When the last agent completes, present:
| # | Recommendation | Resource (Account) | Claimed | Realistic | Verdict | Effort | Contact | Next Step |
|---|
Only include HIGH and MEDIUM rows. One line below for suppressed items: "N suppressed: [brief reason]." Then write report files (Phase 6).
"Want me to dig deeper on any of these — check git logs for a specific item, look up team contacts, or anything else?"
If the user asks deeper questions after the rollup, dispatch a new round of focused
parallel agents (e.g. git-log-[resource], [team]-contact-finder). Surface results
progressively with the same "Waiting on N more agents..." pattern. If a finding
materially changes a confidence verdict, note it and update the rollup row.
Write ./optimize-triage-reports/[resource-name]-investigation-[date].md for each HIGH
and MEDIUM result before presenting the rollup. Create the directory if it does not
exist. These reports may contain sensitive organizational data (account IDs, resource
identifiers, cost figures, team contacts, IaC configurations) — treat them as
confidential and do not commit them to version control.
Each report contains:
Executive Summary — 2–4 sentences: what the resource is, what it costs, what the opportunity is. If realistic savings differs from CloudZero's estimate, explain why.
Current State — Resource details table (identifier, account, region, type, monthly cost, owner tag, IaC location), cost trend table (one row per month), plain-language trend interpretation, and existing config (IaC stanza or lifecycle rule, if found).
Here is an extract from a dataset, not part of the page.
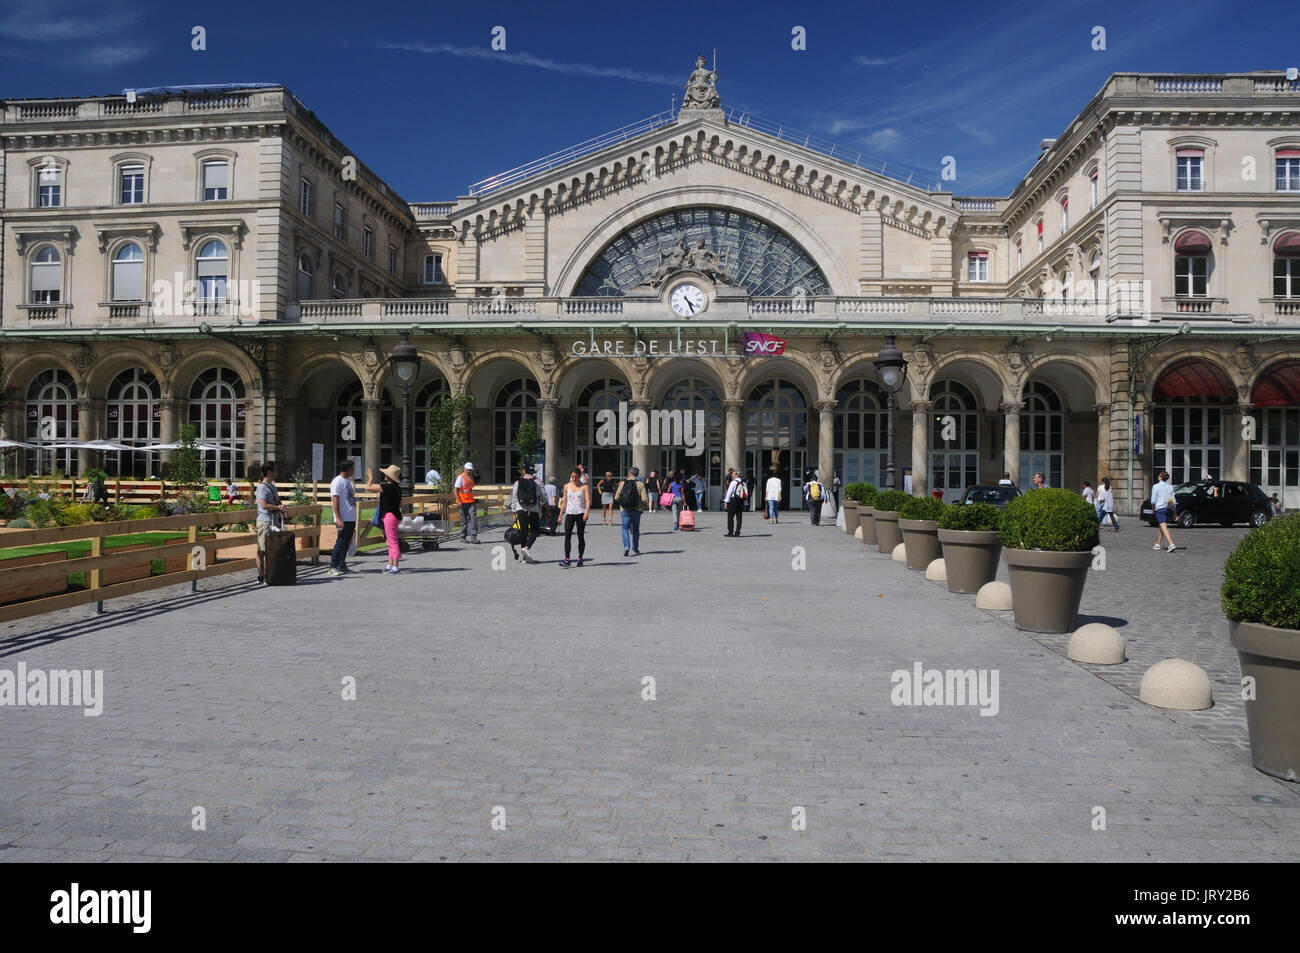 Gare de l'Est in Paris, France Stock Photo
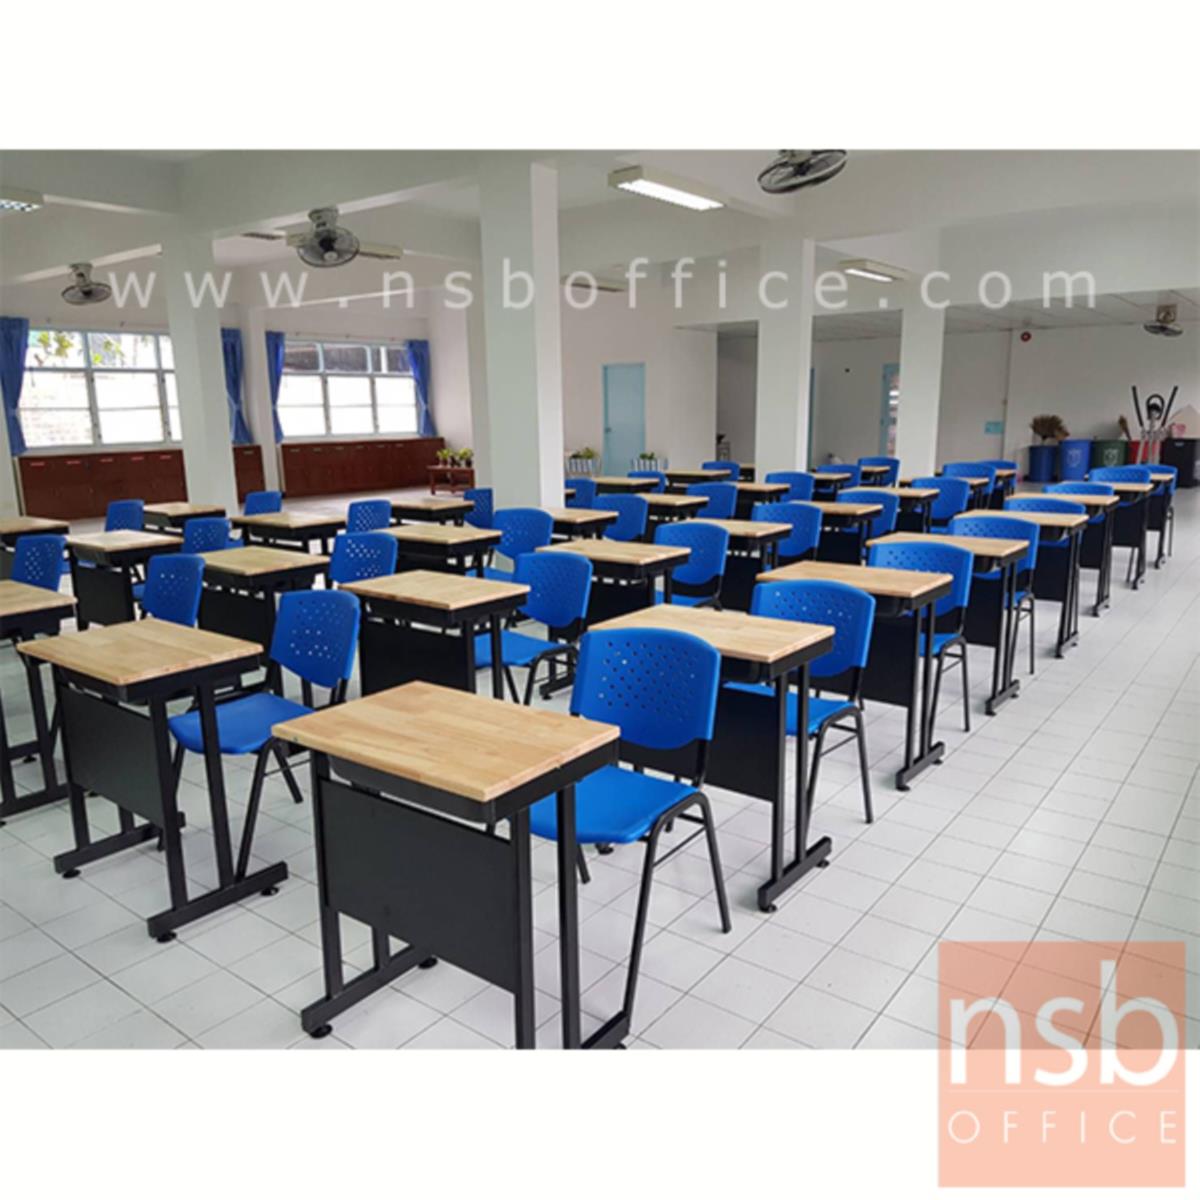 A17A050:ชุดโต๊ะและเก้าอี้นักเรียน  รุ่น KN-5330  ระดับประถม-มัธยม

What This Resource Is — Purpose, data flow / trigger chain, downstream consumers, active/legacy/uncertain status. Based on evidence found — if ownership is unclear, say so.
Recommendation — One paragraph describing the action and why. Include copy-pasteable implementation details (code, commands, config) where gathered. Do not fabricate specifics.
Estimated Savings — Table: CloudZero estimate vs. conservative vs. optimistic, with a brief explanation of any difference.
Risks and Mitigations — One subsection per evidence-backed risk. Name the actual dependency, job, table, or compliance concern. No generic boilerplate.
Suggested Rollout Plan — Phased table: Phase 0 investigation (open questions to answer first) → Phase 1 first safe change → Phase 2 monitor → Phase 3 follow-on if applicable.
File References — IaC or source file paths, if found.
Related Tickets — Only if tickets were found.
Questions for the Owner — 3–6 specific, answerable questions based on actual open questions from research. Not generic boilerplate.
Do not make any changes to any resource, configuration, code, or cloud account. All actions in this skill are read-only.